The chalk-hill blue has relatively demanding habitat requirements (Brereton et al. 2008). The most typical habitats in central Europe are semi-natural calcareous grasslands such as Mesobrometum (Figure 5) and Xerobrometum, but also the Coelerietum, often in the form of pastured Juniperus heathlands (Figure 6) (Ebert and Rennwald 1991, Haag and Eller 2007, Pfeuffer 2013). Additionally, the sparse vegetation which rapidly becomes established in abandoned limestone queries and is often remarkably similar structurally to the above mentioned grasslands can be suitable habitats too (Lotzing 1990, Beneš and Konvička 2002, Höttinger et al. 2013). At some places, as for example in the Nahe valley (Rhineland-Palatinate, Germany) or in northern Bohemia, P. coridon is also present on base-rich soils over vulcanitic rocks, especially on rocky slopes with sparse vegetation and on Stipa grasslands. Occurrences on acid or neutral soils are really rare in western Europe (e.g. the Rotenfels in the Nahe valley, Rhineland-Palatinate, Germany). Occurrences on such soils are somewhat more common, but still rare, in eastern and south-eastern Europe. This difference might be also due to the regional differences in the level of larval host plant specialisation with western European populations being more specific than eastern ones (see below).

Figure 5. 

The Mesobrometum represents a characteristic habitat of the chalk-hill blue. The photos show a typical habitat in spring when the caterpillars are shortly before pupation. Nature Reserve Perfeist near Wasserliesch (Rhineland-Palatinate, Germany), 10.V.2009. Photos: Thomas Schmitt.

Figure 6. 

Flower-rich Juniperus heathlands, which belong to the plant association Coelerietum, are among the best habitats for the chalk-hill blue. The photos show the summer aspect when the butterflies are on the wing. Bucovica, Durmitor, Montenegro, 31.VII.2014. Photos: Thomas Schmitt.

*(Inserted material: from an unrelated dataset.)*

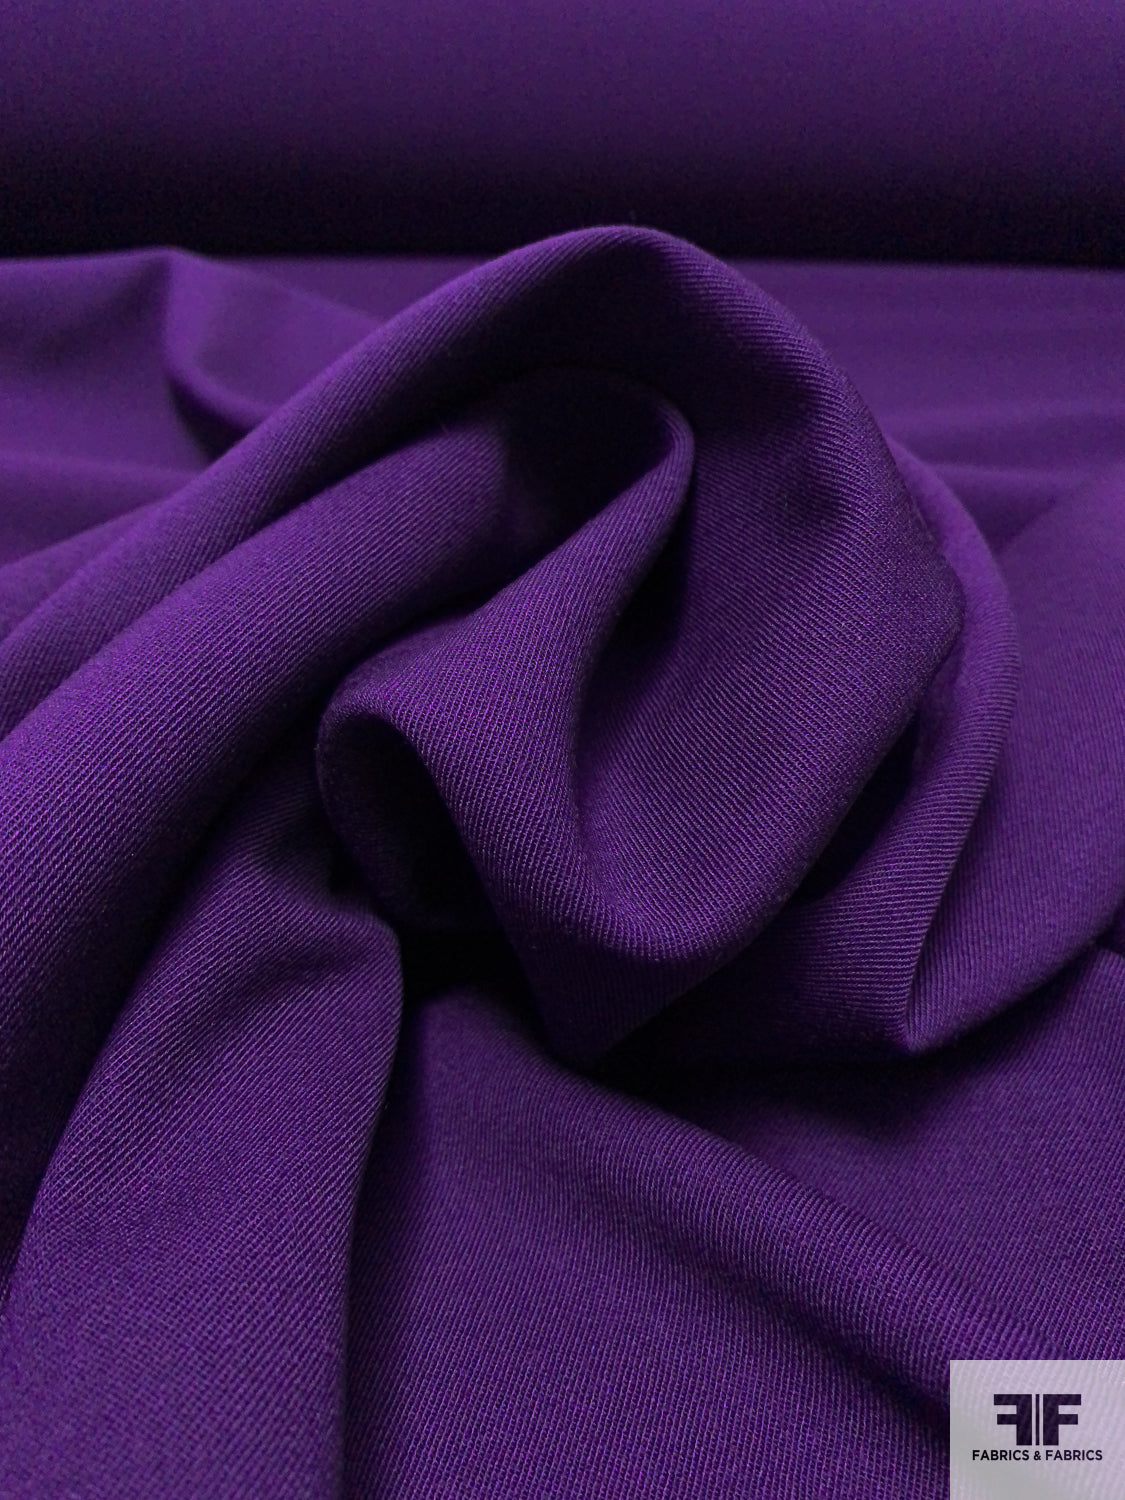 National Nonwovens Purple - Purple Rain - Wool Felt Giant Sheet - 35% Wool Blend - 1 36x36 inch XXL Sheet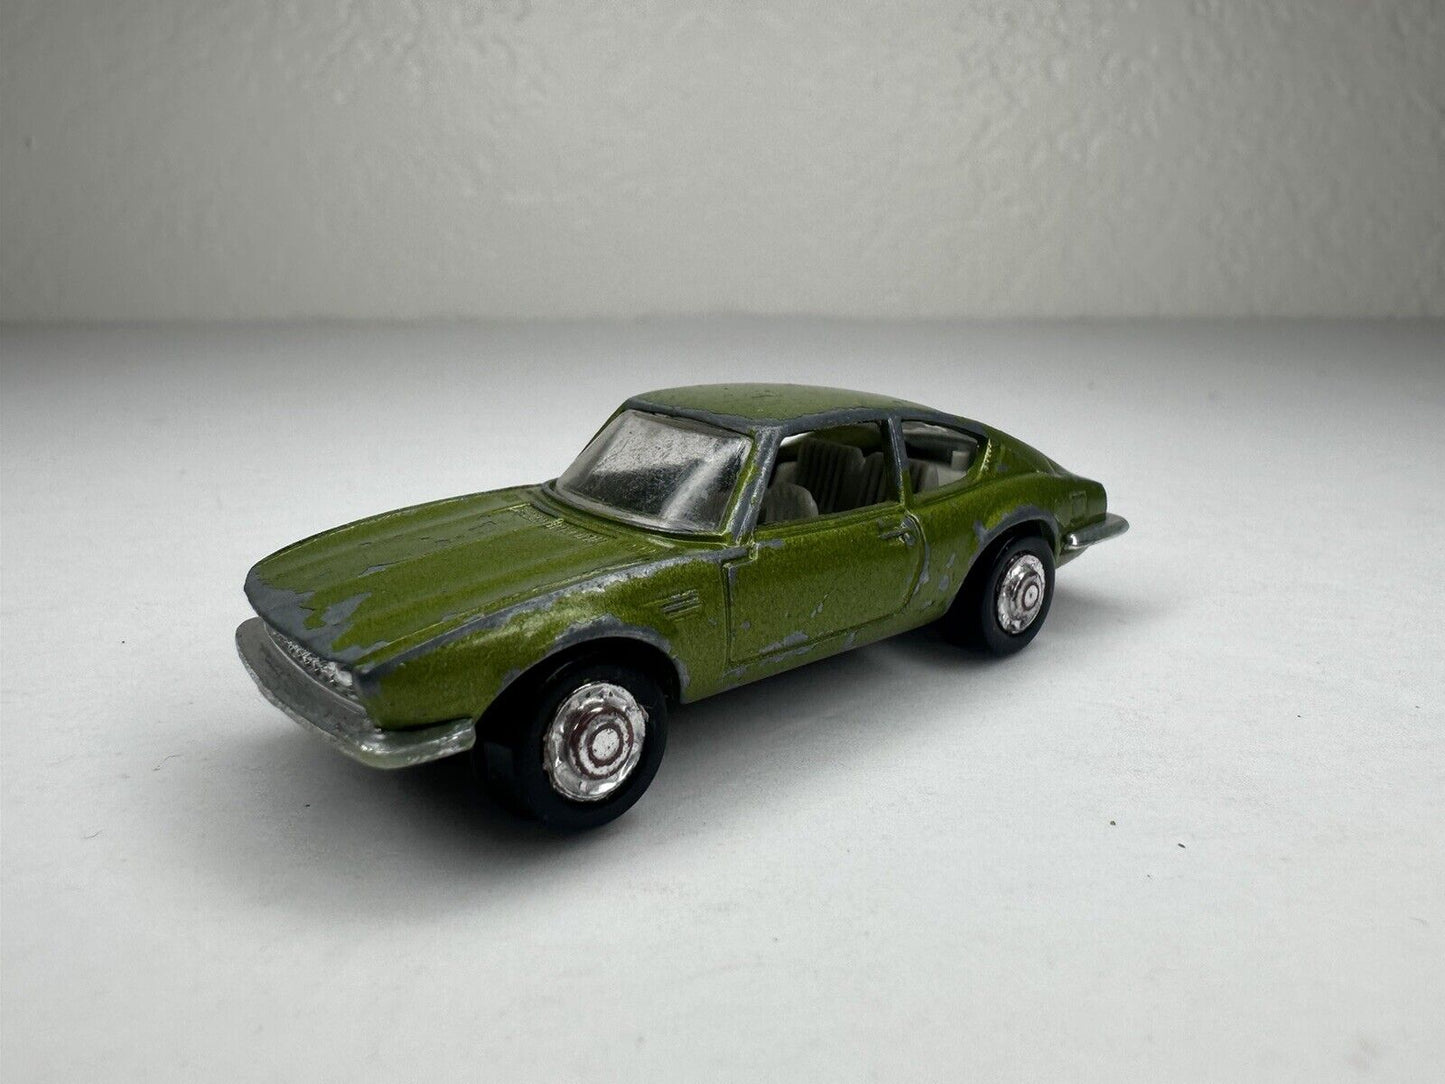 Vintage Playart Green Fiat Dino Car - Classic Collectible Die-Cast Model - TreasuTiques

In some regions, in particular in eastern Brandenburg (e.g. on the slopes along the river Oder), large populations are also found on base-rich sandy soils, where the preferred habitats are Stipa grasslands. However, occurrences on sandy soils are rather rare elsewhere. One of these exceptions is the Mainzer Sand in Rhineland-Palatinate (Germany).

Large populations of the chalk-hill blue can also be observed in the southern part of the species range. However, here it retreats from the hot plains and valleys and inhabits the somewhat cooler hills and mountains. The karst regions of the Balkan Peninsula (Figure 7) and the Apennines in Italy are regions of southern Europe with a particularly high number of suitable habitats.

Figure 7. 

The karst landscapes in the southern European mountain regions have many habitats suitable for the chalk-hill blue. The habitat here is in the border region of Bulgaria and Greece at an altitude of about 1500 m asl. Trigrad, southern Bulgaria, 04.VIII.2010. Photo: Thomas Schmitt.

In calcareous mountain ranges, the butterflies can be found on highly inaccessible rocky slopes (Fig. 8) where they inhabit small patches of grassland on steep slopes and within rocky fields. Here, the imagoes use the existing flowers for nectaring and the larvae feed on their host plants, which can be found between stones. However, the population densities are generally lower in these habitats than they are in the most suitable ones.

Figure 8. 

The chalk-hill blue is also found on rocky cliffs with limited accessibility. The butterflies use the small grassy habitat patches, which are scattered over the steep slopes. Baile Herculane, Cerna valley, south-western Romania, 29.VII.2010. Photo: Thomas Schmitt.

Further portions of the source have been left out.